2. The search method based on semantic concept extraction as claimed in claim 1, wherein: the basic semantic elements extracted from the image are specifically as follows:

inputting the image into a convolutional neural network to obtain an output H multiplied by W multiplied by C dimensional feature map X;

averaging the feature map X on the channel dimension C to obtain an H multiplied by W dimension average activation map

Activation map on average using NxN windows

Searching to obtain a peak point set;

for average activation map

Each peak point in the above is processed from back to front by a contribution probability formulaPerforming backward propagation calculation layer by layer until an input image is obtained, and obtaining a contribution probability graph M with each peak point and the original image in the same scale;

3. The search method based on semantic concept extraction as claimed in claim 2, wherein: the contribution probability formula is as follows:

wherein, P (I) _i,j ) For a certain pixel position I in the input characteristic diagram _i,j For a certain pixel position O in the output characteristic diagram _p,q The probability of contribution of (c); conditional probability P (I) _i,j |O _p,q ) Is defined as follows:

wherein the content of the first and second substances,

4. The search method based on semantic concept extraction as claimed in claim 2, wherein: before estimating the spatial position of the basic semantic element, the contribution probability map M is processed as follows:

will contribute to the activation region on the probability map MThe field is estimated as an elliptical shape, the parameters of which are represented by the contribution probability map M larger than tau _a The pixel location modeling image second moment of (a) yields:

5. the search method based on semantic concept extraction as claimed in claim 4, wherein: the rectangular frames corresponding to the basic semantic elements are obtained by the external rectangles of the ellipses, and the features of the basic semantic elements are obtained by performing average pooling on the feature map through the rectangular frames corresponding to each basic semantic element.

6. The search method based on semantic concept extraction as claimed in claim 1, wherein: the undirected graph G ^image Expressed as:

G ^image ＝<V ^image ,E ^image >，

E ^image Is a collection of edges, represented as

7. The search method based on semantic concept extraction as claimed in claim 1, wherein: after semantic concept cutting is carried out to obtain semantic concept features, non-semantic concept removing is carried out; the method comprises the following specific steps:

E ^dataset Is a collection of edges, denoted as

finally, the elimination of the centrality score of the degree of obliteration being below the threshold τ _d The non-main semantic concepts of (1) and the meaningful semantic concept characteristics are reserved.

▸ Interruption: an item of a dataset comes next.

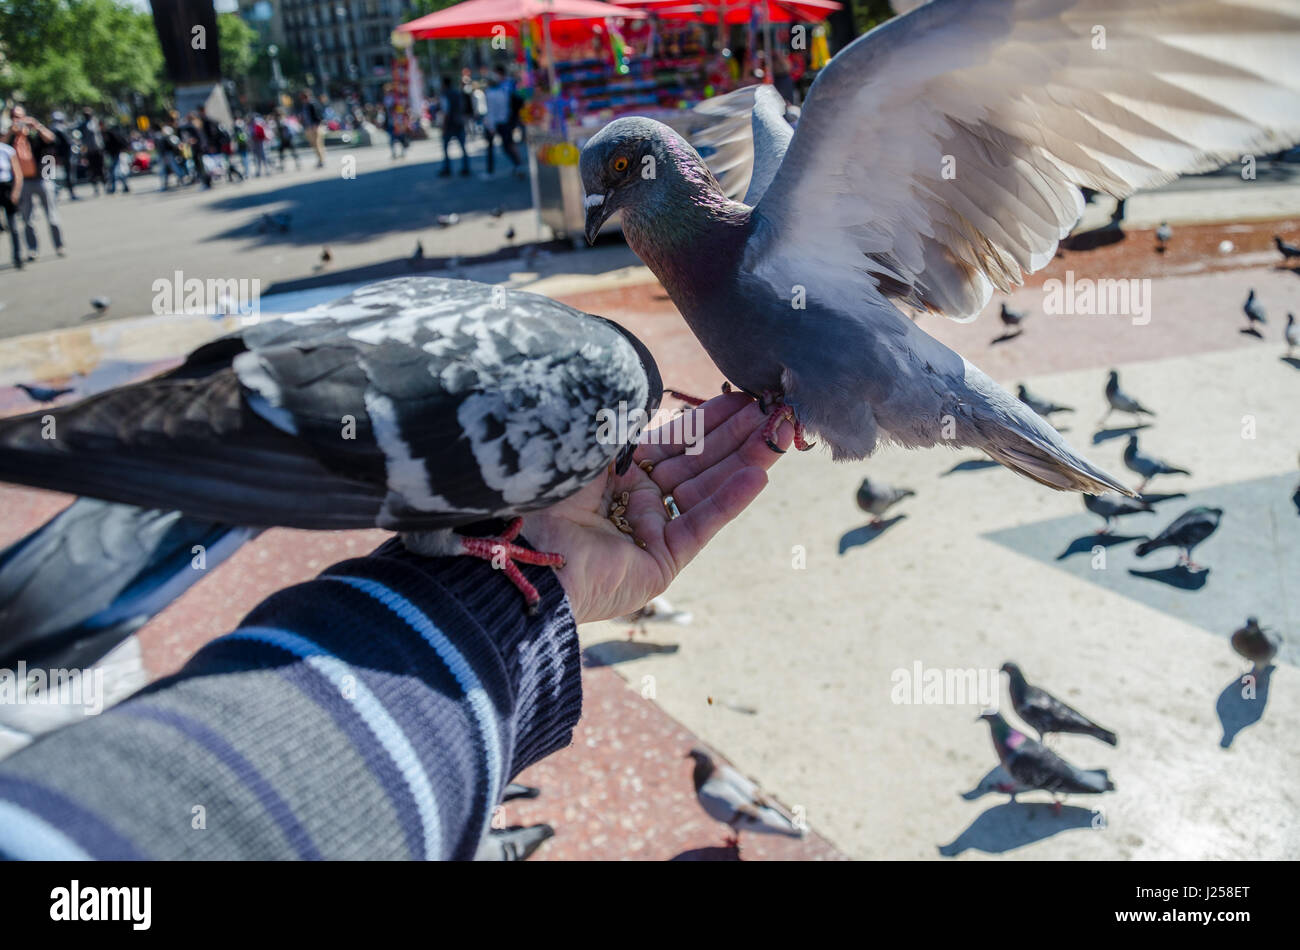 Pigeons eating bird seed from the hand in Plaça de Catalunya in the centre of Barcelona. Stock Photo

8. The search method based on semantic concept extraction as claimed in claim 1, wherein: the query feature is an image query feature or an instance query feature.

9. The search method based on semantic concept extraction as claimed in claim 8, wherein: when the query feature is an image query feature, the query feature is obtained as follows:

10. The search method based on semantic concept extraction as claimed in claim 8, wherein: when the query feature is an example query feature, the query feature is obtained as follows:

inputting an example image or inputting a query image, and cutting the query image by using a query example rectangular frame to obtain an example image; extracting a feature map from the example image through a convolutional neural network; and performing global pooling on the feature map to obtain example query features.